I think they serve both purposes.
There is definitely a demand for more housing in the city, but at this point in time there is still a rising demand for apartments on places like Mirae Street and Ryomyong Street. And these are considered special projects because they are really designed to celebrate a particular moment in the history – to commemorate the 70th anniversary of the founding of the Workers’ Party of Korea, for example.
NK News: And in terms of the resources required for these kinds of projects, is there any sense of where all that is coming from?
I think in terms of labor, it comes from the local construction industry, so all labor is supplied by the builders.
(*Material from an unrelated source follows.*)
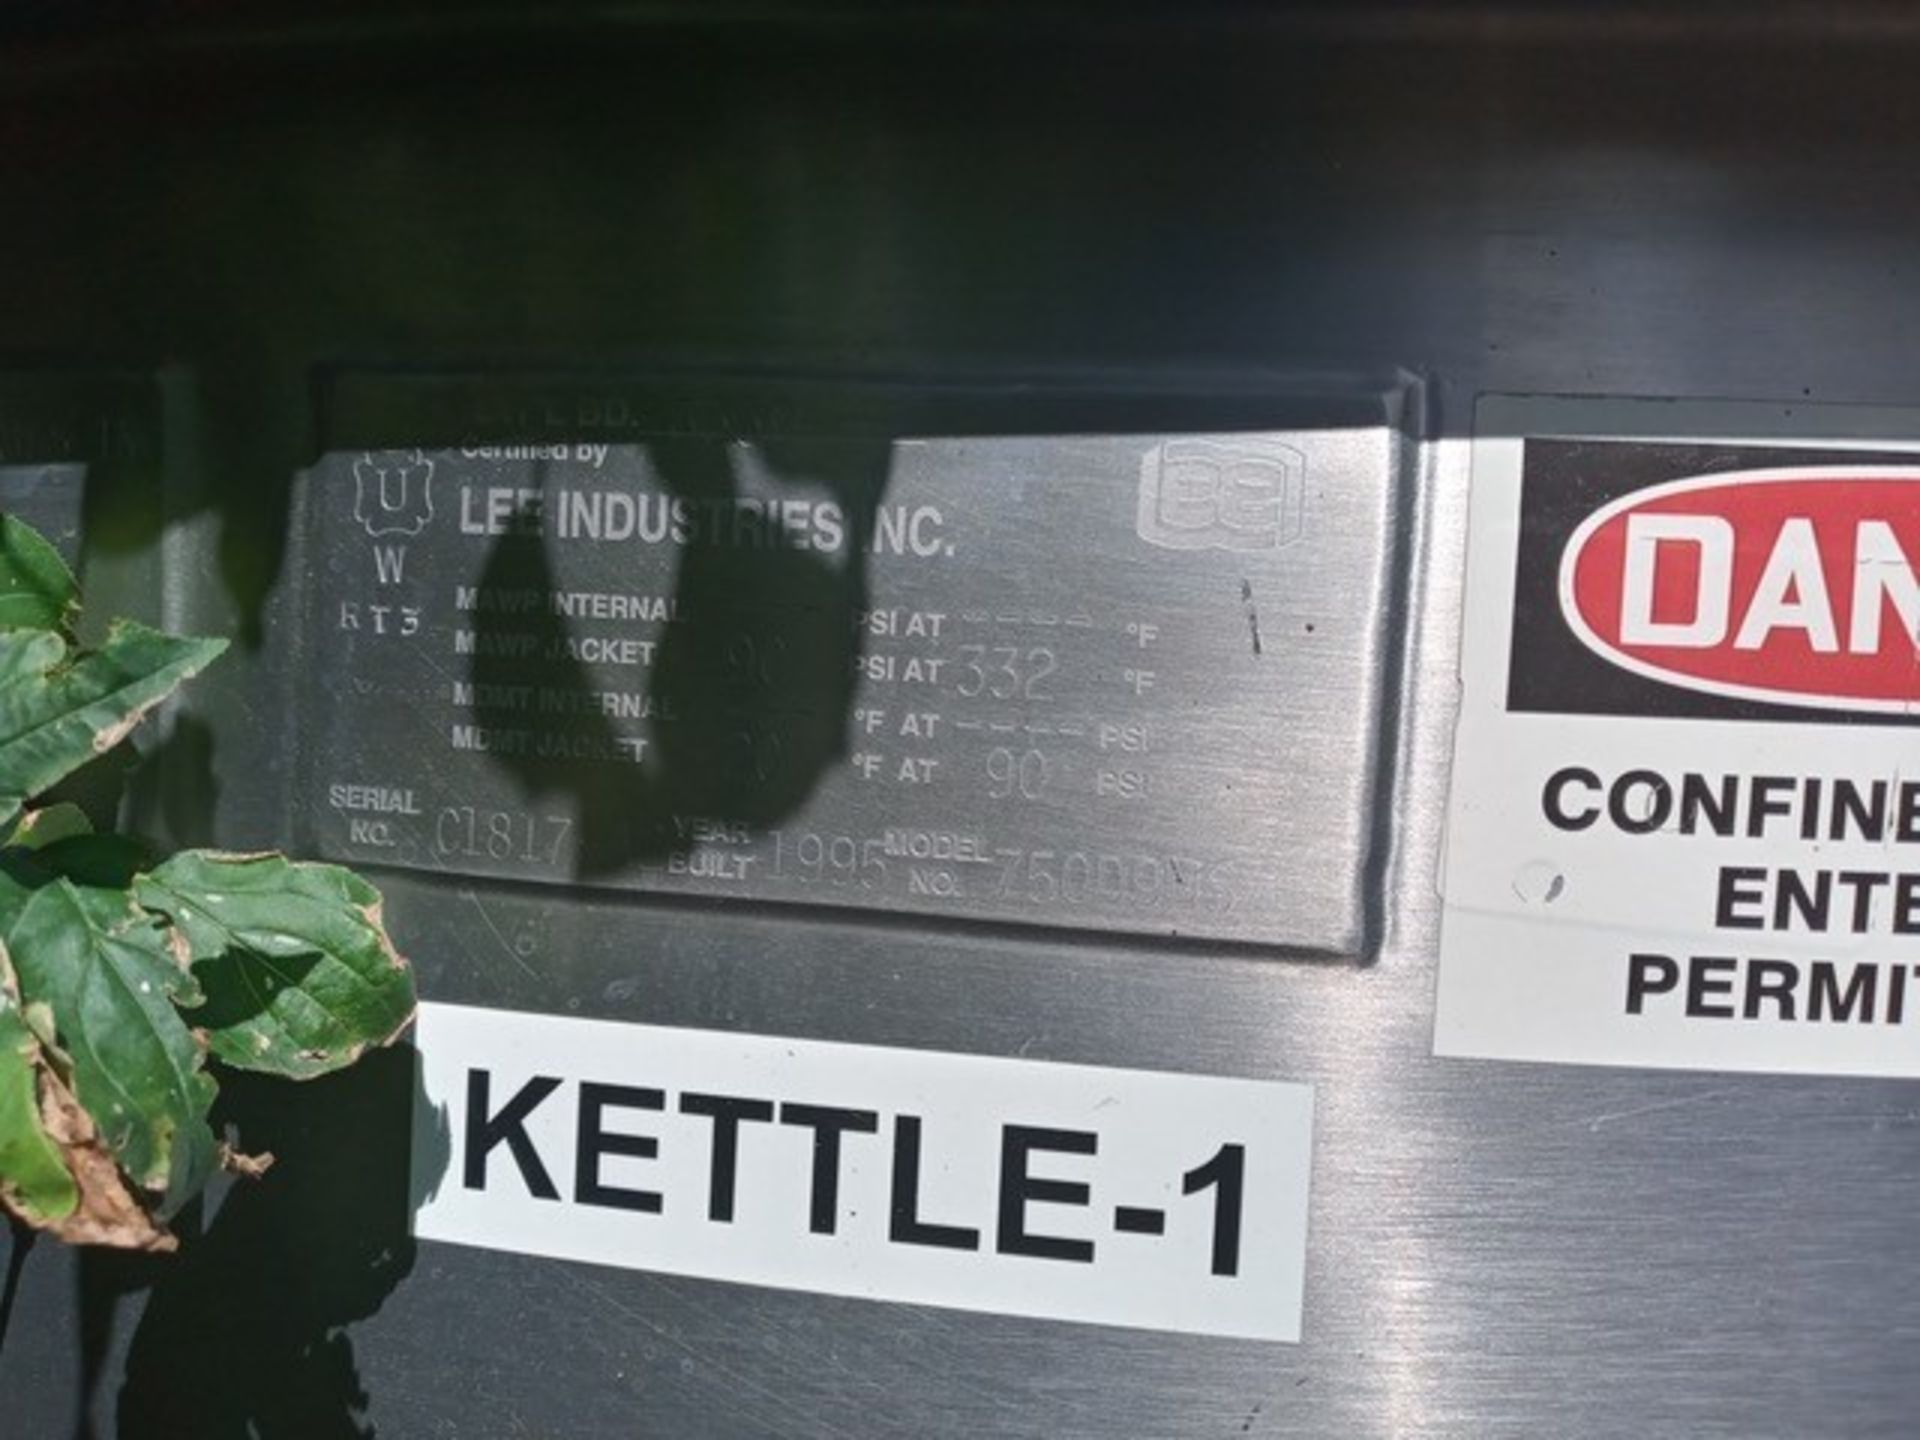 Lee 750 Gal. S/S Steam Jacketed Kettle, Model 750D9MS, S/N C1817, Aprox. Rated at 90 psi (Kettle - - Image 3 of 5
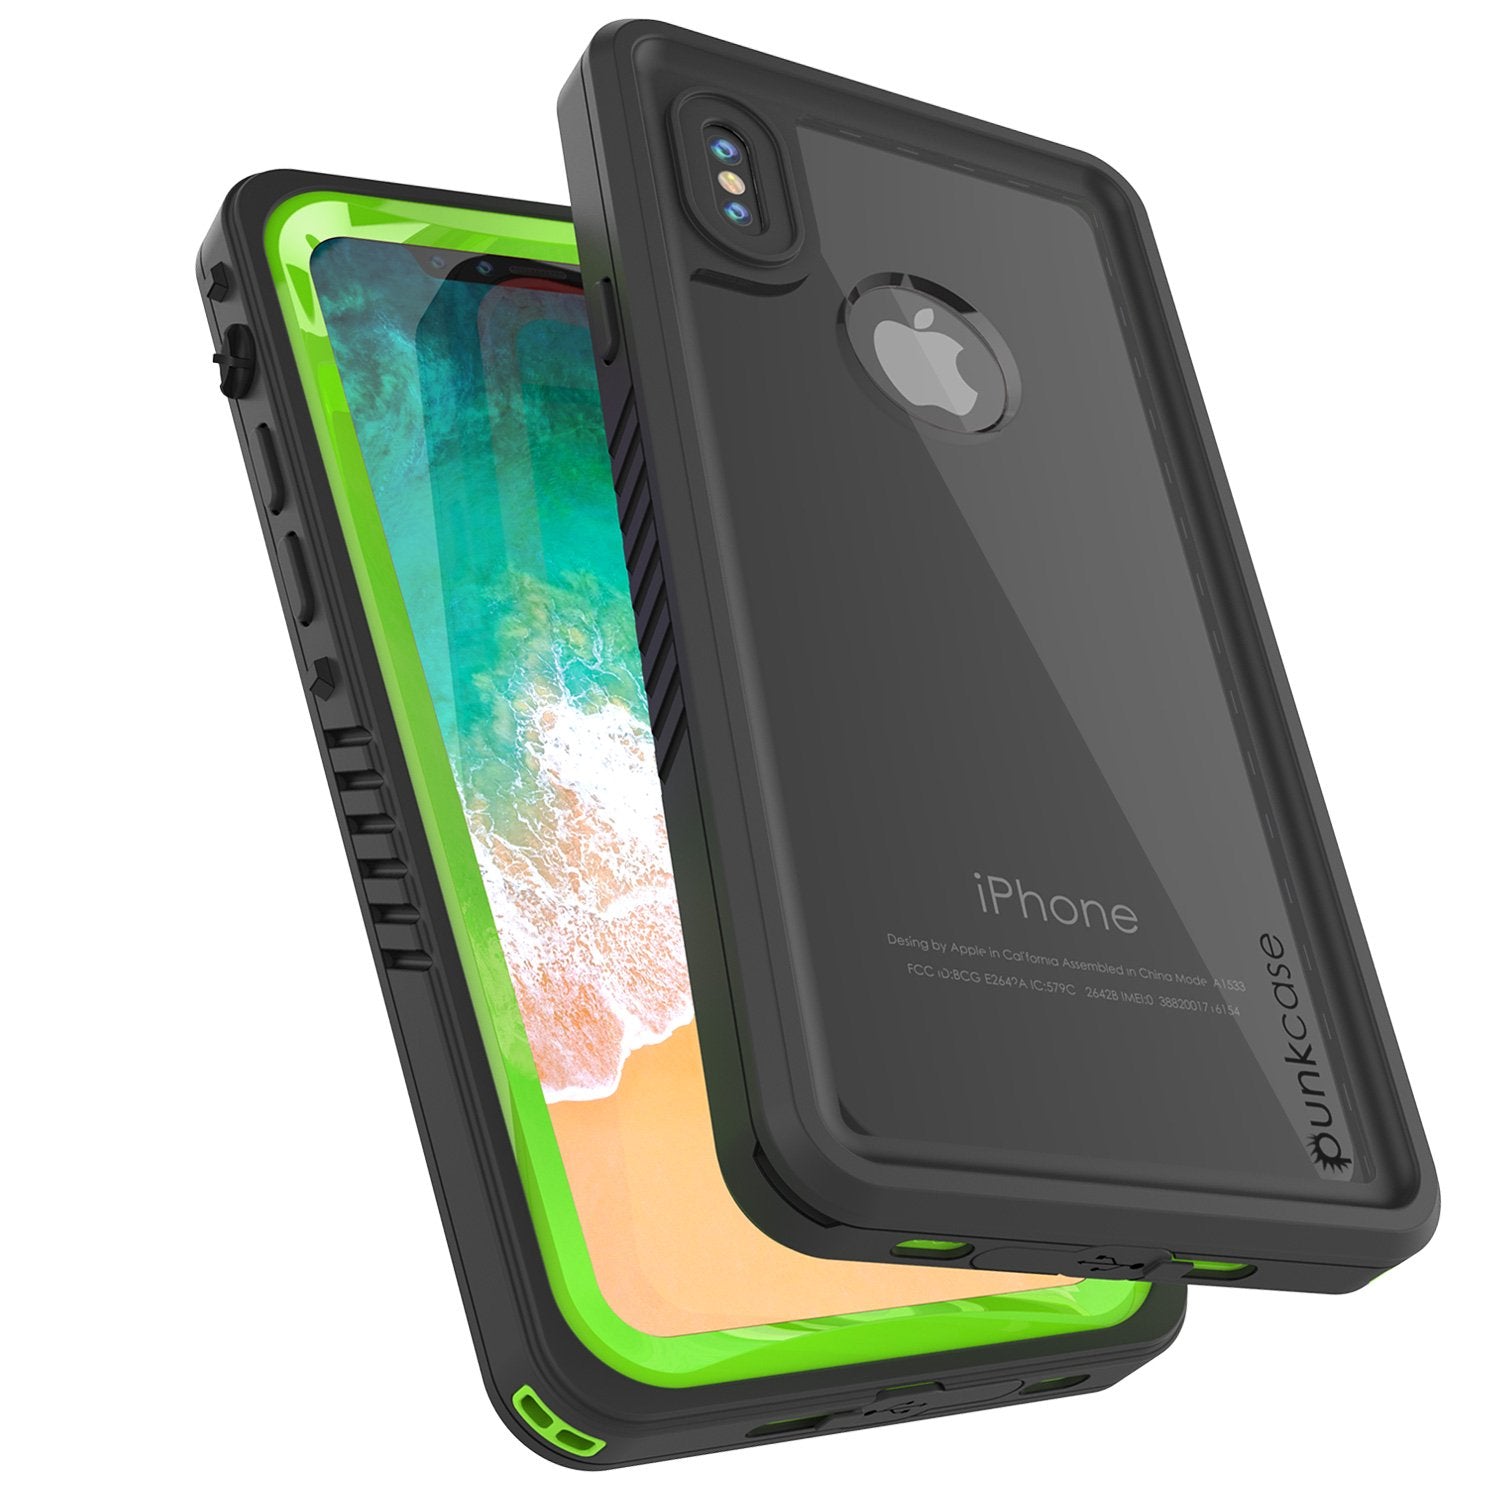 iPhone X Case, Extreme Series Cover W/Screen Protector [Light Green]

And in terms of materials, one reason why they use a lot of concrete is that because it’s the one resource that’s available and is way more affordable than using steel, which they would need to import from China.
In terms of investments, a lot of the projects are driven by the state, although there are one or two exceptional projects that, what I heard, are basically joint ventures with Chinese developers.
NK News: Do you see a difference in quality between the joint ventures and the domestically invested designs?
I wouldn’t be able to comment on the quality, let’s say when you view the buildings up-close or when you are in the interior of the building. But if you were to compare the quality of the cladding materials, you do see a difference.
I think quality is differentiated according to the cost and also the prestige of development. For example, there is a distribution center that was jointly developed by a Singaporean developer which basically used better finishes and better cladding materials for their buildings as compared to some other developers that were in joint ventures with a Chinese company. They basically used locally sourced cladding materials.
NK News: There was a building collapse in 2014; do you sense from your conversations with local North Koreans in the field of architecture, engineering, or construction that lessons are being learned from that in any way?
It’s hard to get any response from them concerning the ‘incident.’ It seems like no one wants to talk about it – no response.
NK News: As an architect yourself looking at the city, do you fear there could be other ticking time bombs that may be likely to collapse because of hasty workmanship?
I think just by observing the structures, just by going past construction sites, it seems okay to me. But I would say the concern is not so much about structural issues or problems, but rather the things to do with insulation and waterproofing, which are real issues in Pyongyang.
NK News: So basically these buildings get cold and damp in winter?
I wouldn’t say they all get cold and damp. I do not know how bad the situation is, but they have been requesting more information on how to improve the quality of waterproofing and insulation.
NK News: Have you heard anything more about the Ryugyong Hotel? Are there any more plans for that or is it going to just stay as-is?
Good question. No one has a clue on what the future is for the Ryugyong Hotel.